第一章 父なき世界(一七二三~一七四六年)
第二章 洞窟、樹木、泉(一七四六~一七五九年)
第三章 ペン・ナイフと嗅ぎタバコ入れ(一七五九年)
第四章 袋かつらの不信心者(一七五九~一七七六年)
第五章 果樹園の手長猿(一七七六年)
第六章 決死の任務(一七七六~一七九〇年)

 章題が村上春樹の小説のように奇妙なものになっていることに気づかれるだろう。これは率直にいえばバカン氏の文学的な趣味が露出しているとも言えるが、再読してみるとこの章題の効果に気がつくだろう。詩的なイメージから章の要点が想起されやすい。
 もう一点、年代風に並んでいるように見えるのだが、三章と五章が単独年になっていることに気がつくはずだ。簡単に言えば、三章が「道徳感情論」、五章が「国富論」をそれぞれ解説しているためでもある。で、あるならなぜそうわかりやすく標題にしないのかだが、この二著については他の章でも改訂史とともに語られているという理由もあるだろう。これらの章だけで二著の解説として取り出すことはできない。
 評伝として見れば、時代背景の描写もだが、デーヴィッド・ヒュームとの交流なども絶妙な機微で描かれている。同様にスミスとケネーの関係、さらにスミスのパトロンなどの関係の解説も興味深い。こうした記述にはバカン氏の圧倒的な教養がにじみ出ていて、そこもぞっとする怖さがある。
 反面、ありがちな評伝記者が対象に過剰な思い入れをするような傾向は極力抑制され、アダム・スミス自身の描写としては、一見つまらないようにも見える。だが、再読していくと、じんわりと、ああ、スミスというのは、現代でいう理系オタ的な性質にラテン語学者を乗せたような人であったから、こうなったのではないかという確信的な印象と、同時代からは放心した出っ歯で議論はKYという人物に見られたが内面からの世界や人々への視線は、手の込んだオタアニメのような分析力を持っていたことが、これも得心できる。本書は、その抑制の解除の手前の、バカン氏の詩情的な思いで終わる。
 堂目氏の著作がスミス思想をスキーマティックに整理したのとは対比的に、バカン氏の著作は一見理性を精巧に駆使したようでいながら、詩情的な直感を駆使していく箇所が多い。次のような説明は、さらっと読むとごく普通のスミス思想理解のように見えるかもしれない。

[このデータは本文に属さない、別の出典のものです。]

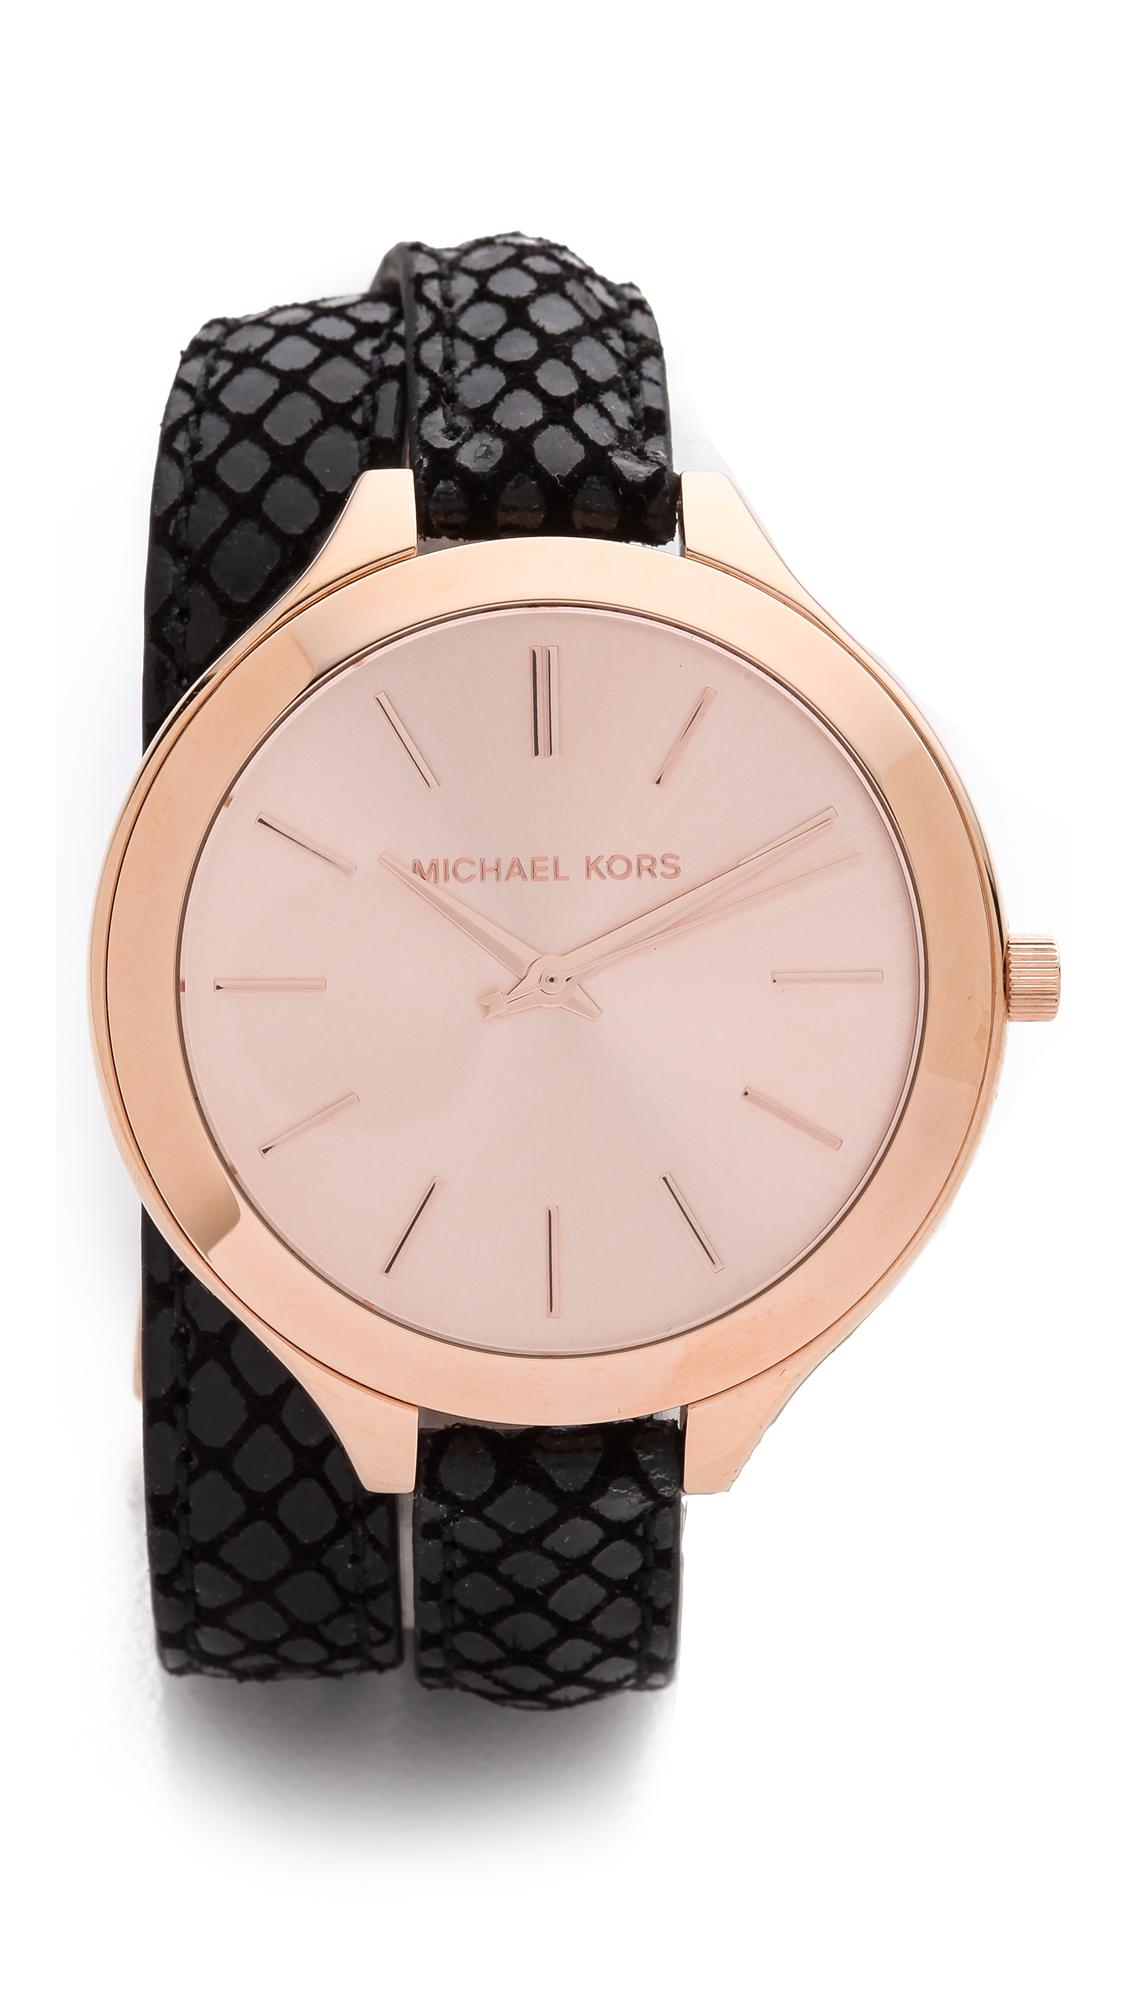 f52e05854dd3 Michael Kors Slim Runway Gold Tone Ladies Womens Wrist Watch MK3275.  Loading... Gallery

 スミスは心理という観点から道徳に関する判断の原理を示した後、この原理がどのように機能しているかを示していく。どの場合にも、人は行動の結果よりも動機を重視し、行動の利点よりも適切さに関心をもつとスミスは語る。感情の適切さや行動の利点に関しては、良心がどのように判断するかを考えるのではなく(日曜学校ではそう教えられるだろうが)、社会がどう判断するかを考える。社会の見方に鋭敏になることで、人は自分自身の外見や行動を観察し、判断を下すようになる。

 私の関心が過剰な思いを招いているのかもしれないが、この段落のなかにカントやヘーゲル、アーレントいった思想家の思想の類似性を見るし、なにより行動経済学の前提のような視点を読む。おそらくバカン氏にもその企図があり、「感情の適切さや行動の利点に関しては、良心がどのように判断するかを考えるのではなく、社会がどう判断するか」という点に、「道徳感情論」の経済学的な卓見をスミスに見ている。くどいが、「道徳感情論」がスミスの人間観を構成し、その上に経済学が成立しているという視点ではない。そうではなく、人の感情に起因する行動それ自体に、経済学として捨象できる原理性が潜んでいることをスミスは直感している。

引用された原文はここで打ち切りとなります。